M. P. Sealy, Y. B. Guo

Research output: Contribution to journalArticlepeer-review

76 Scopus citations


Current permanent metallic biomaterials of orthopedic implants, such as titanium, stainless steel, and cobalt-chromium alloys, have excellent corrosive properties and superior strengths. However, their strengths are often too high resulting in a stress shielding effect that is detrimental to the bone healing process. Without proper healing, costly and painful revision surgeries may be required. The close Young's modulus between magnesium-based implants and cancellous bones has the potential to minimize stress shielding while providing both biocompatibility and adequate mechanical properties.
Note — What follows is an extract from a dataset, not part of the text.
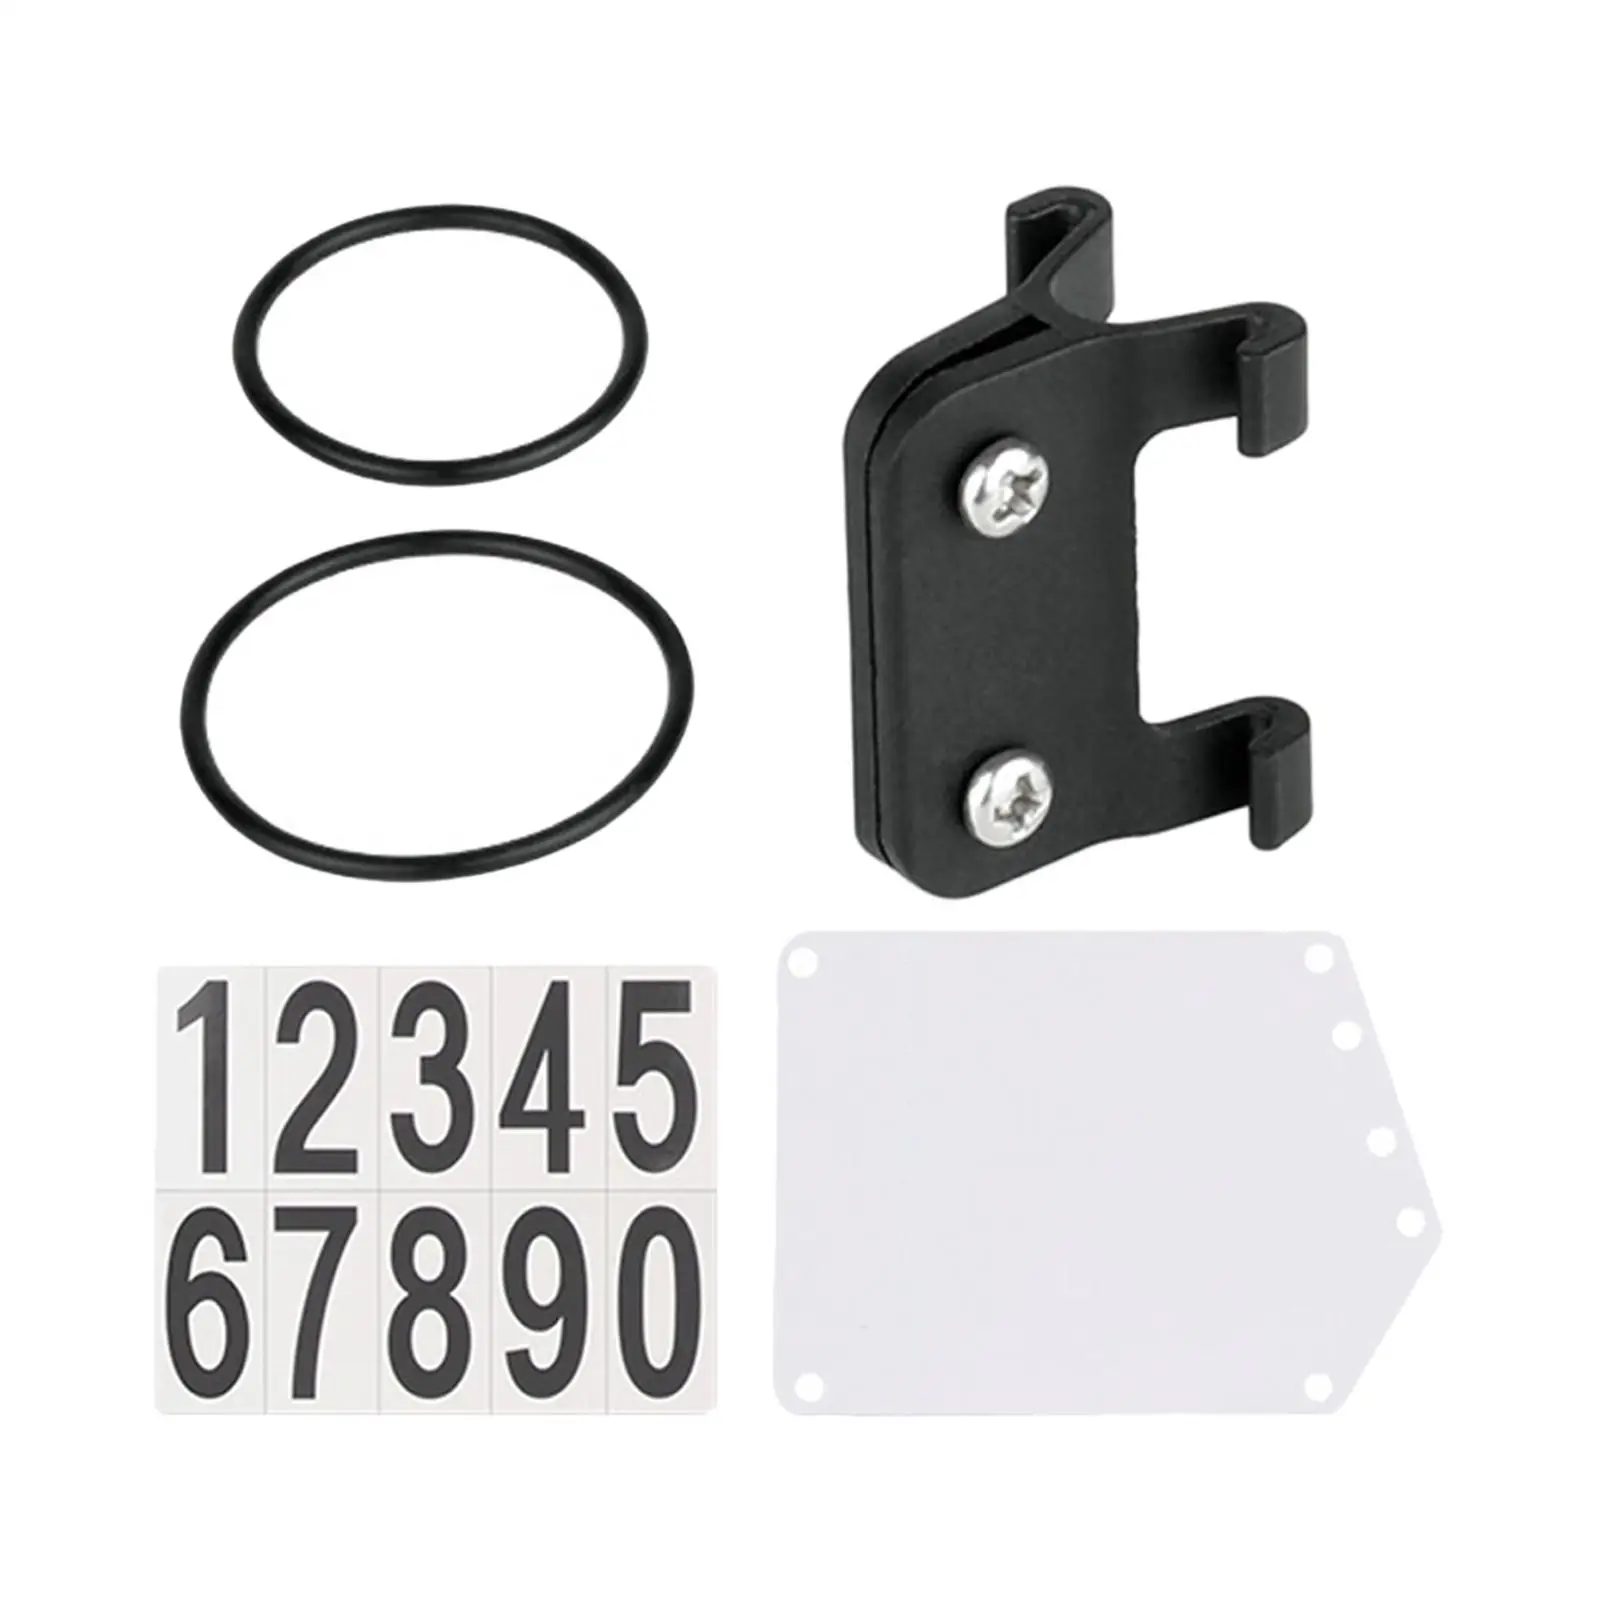 Number Plate Holder with Bands Bracket race PP for Cycling Triathlon Race Bike
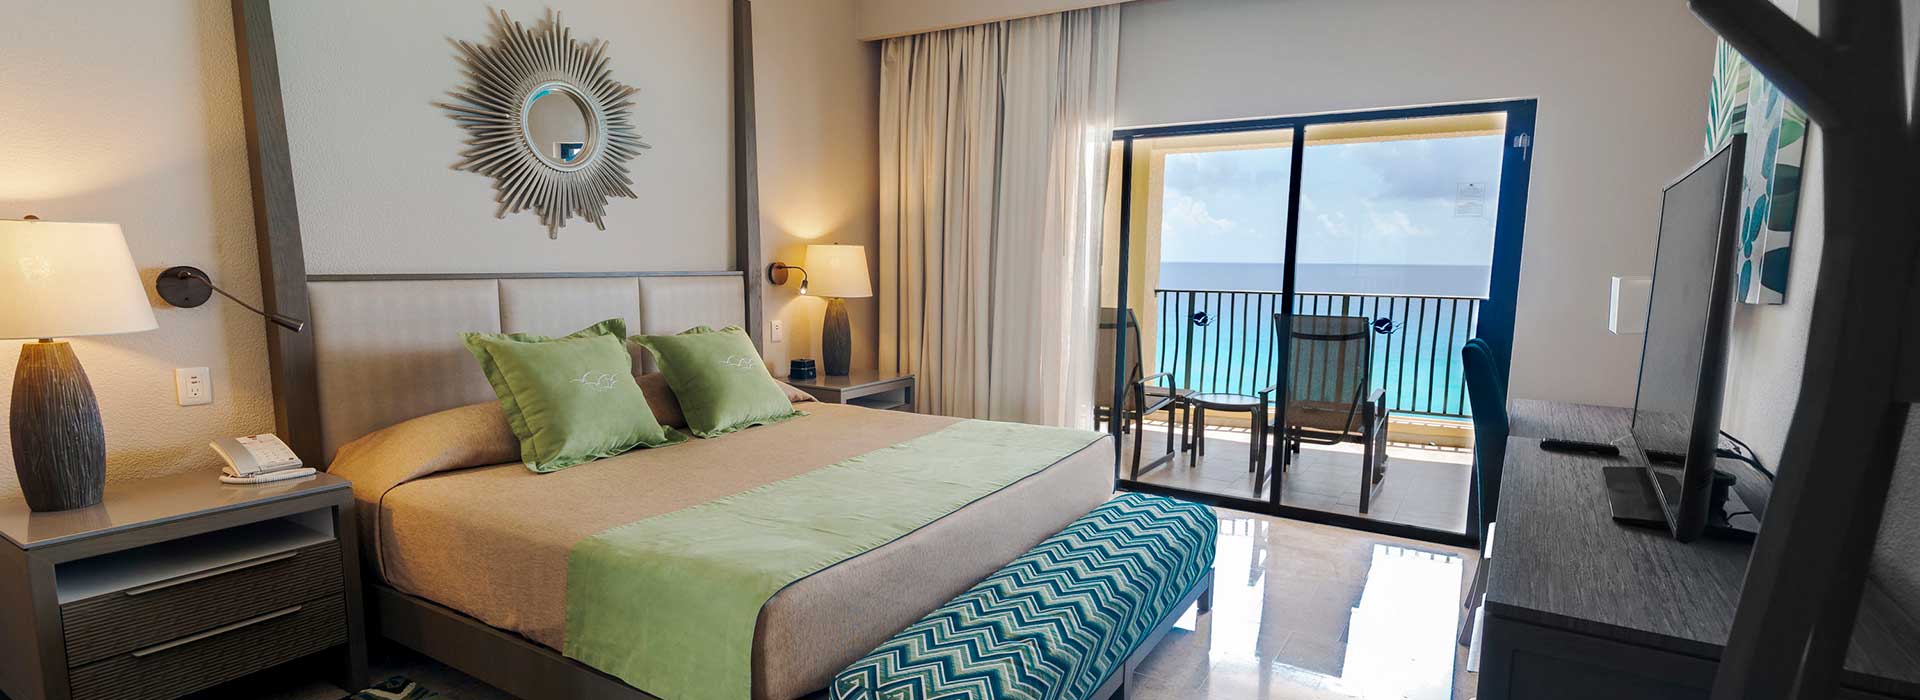 Ocean view villas with two bedroom suite with dining and living areas in The Royal Sands

The problem with Mg implants is how to control corrosion rates so that the degradation of Mg implants matches that of bone growth. Laser shock peening (LSP) is an innovative surface treatment method to impart compressive residual stress to a novel Mg-Ca implant. The high compressive residual stress has great potential to slow corrosion rates. Therefore, LSP was initiated in this study to investigate surface topography and integrity produced by sequential peening a Mg-Ca alloy. Also, a 3D semi-infinite simulation was developed to predict the topography and residual stress fields produced by sequential peening. The dynamic mechanical behavior of the biomaterial was modeled using a user material subroutine from the internal state variable plasticity model. The temporal and spatial peening pressure was modeled using a user load subroutine. The simulated dent agrees with the measured dent topography in terms of profile and depth. Sequential peening was found to increase the tensile pile up region which is critical to orthopedic applications. The predicted residual stress profiles are also presented.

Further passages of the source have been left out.